Relationship to Differentiation
Through the fundamental theorem of calculus, differentiation and integration are almost inverses:
$\frac{d}{dx} \int_a^x f(t) dt = f(x)$
In MATLAB, functions can transform between derivatives and integrals:
f = @(x) x.^3;
dF = matlabFunction(int(f)) % Integral
ddF = matlabFunction(diff(dF)) % Derivative
This allows translating between dynamic models and their static equivalents.
Contrasting Numeric and Symbolic Methods
Computational tradeoffs between symbolic and numeric integration include:
| Attribute | Symbolic | Numeric |
|---|---|---|
| Exactness | Analytic integrals, full generality | Approximations with error bounds |
| Speed | Can be slow with complexity | Efficient sampling strategies |
| Precision | Arbitrary precision available | Limited by tolerance |
| General functions | Broad symbolic knowledge | Requires vectorization |
| Outputs | Equations, parameterized results | Floating point numbers |
| Multidimensional | Triple+ integrals available | Easier higher dimensionality |
Integrate symbolically where possible, then utilize numeric methods for efficiency and scalability.
Accelerating Numeric Evaluation
For fastest numerical integration:
- Vectorize function handles with array operations
- Set suitable error tolerances to avoid oversampling
- Use parallel options or GPU code generation
- Differentiate functions without closed forms
Improved algorithms also include:
- Gaussian quadrature: Sample at optimal points
- Newton–Cotes: Uniformly spaced interpolation
- Monte Carlo: Random sampling for high dimensions
Tailor methods to the smoothness and domain of each problem.
Conclusion
MATLAB offers extensive well-optimized routines for evaluating both definite and indefinite integrals symbolically and numerically.
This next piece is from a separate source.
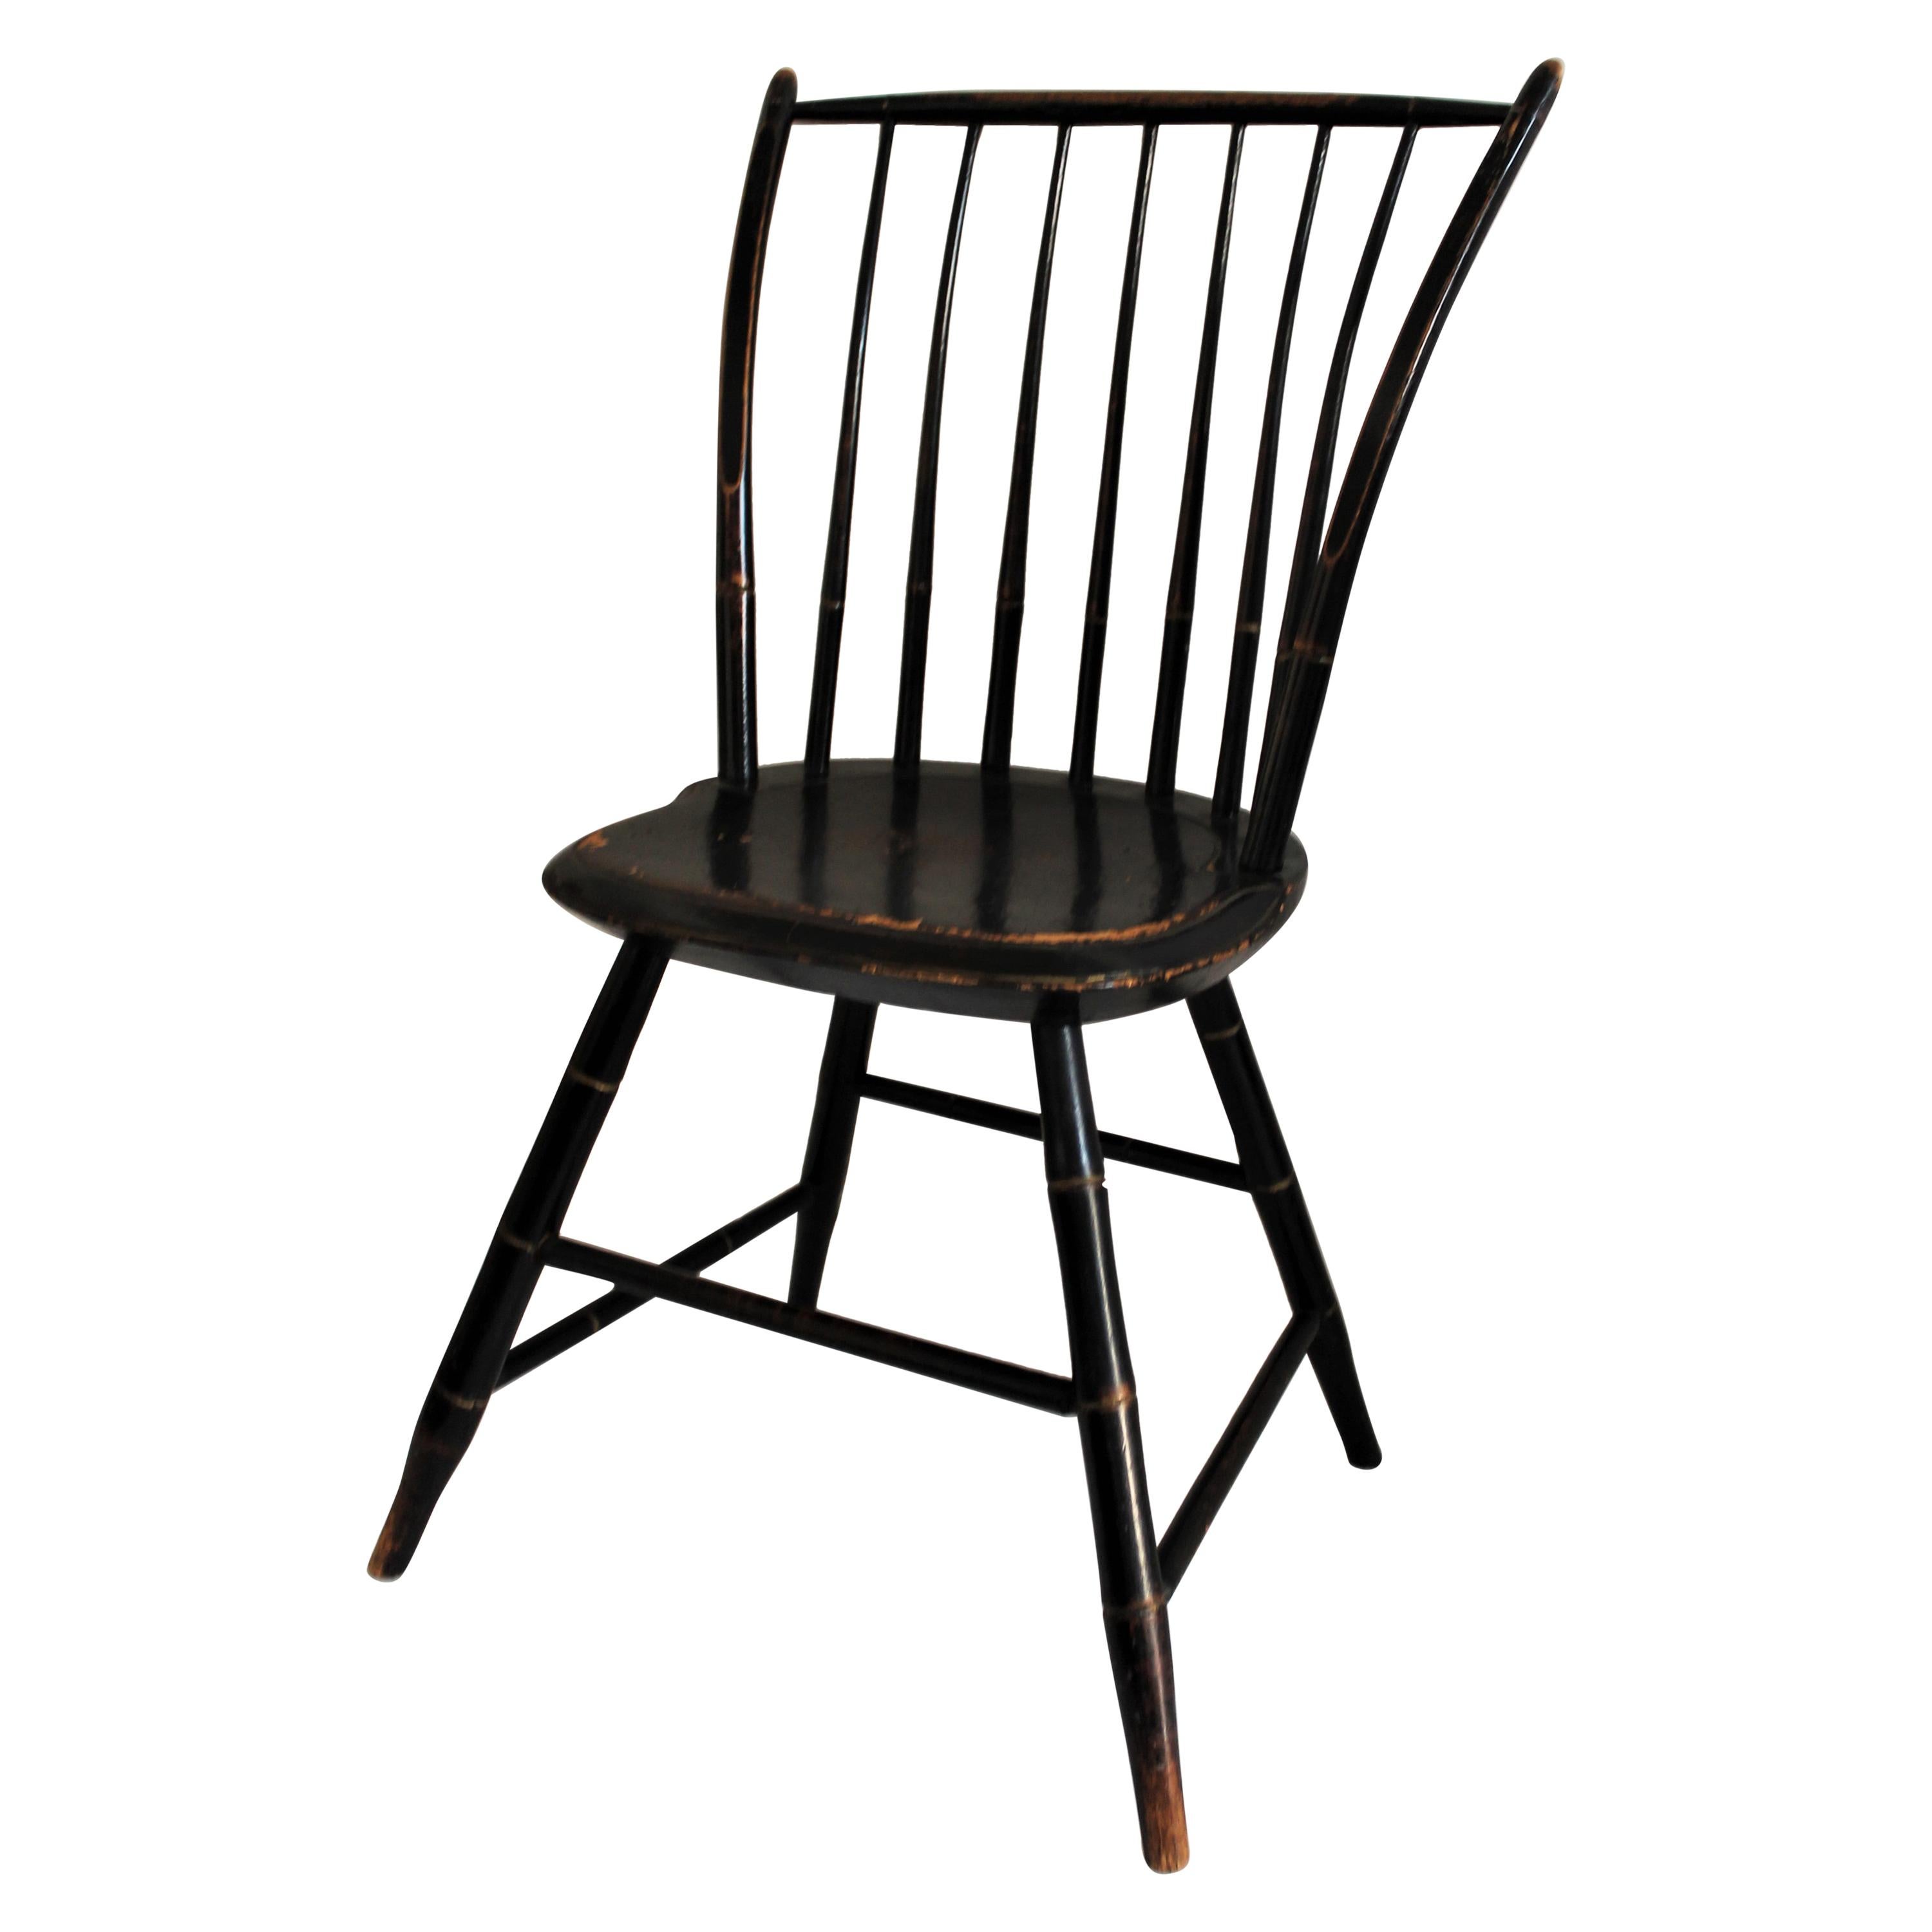 Early 19th Century Windsor Chair in Original Black Paint

Assumptions can accelerate symbolic analysis, while numeric quadrature adapts sampling density for precision without overcomputation. Alongside the core methods highlighted, domain-specific toolboxes provide further specialized integration. Mastering MATLAB‘s integration functions enables powerful quantitative analysis and modeling across the natural and engineering sciences.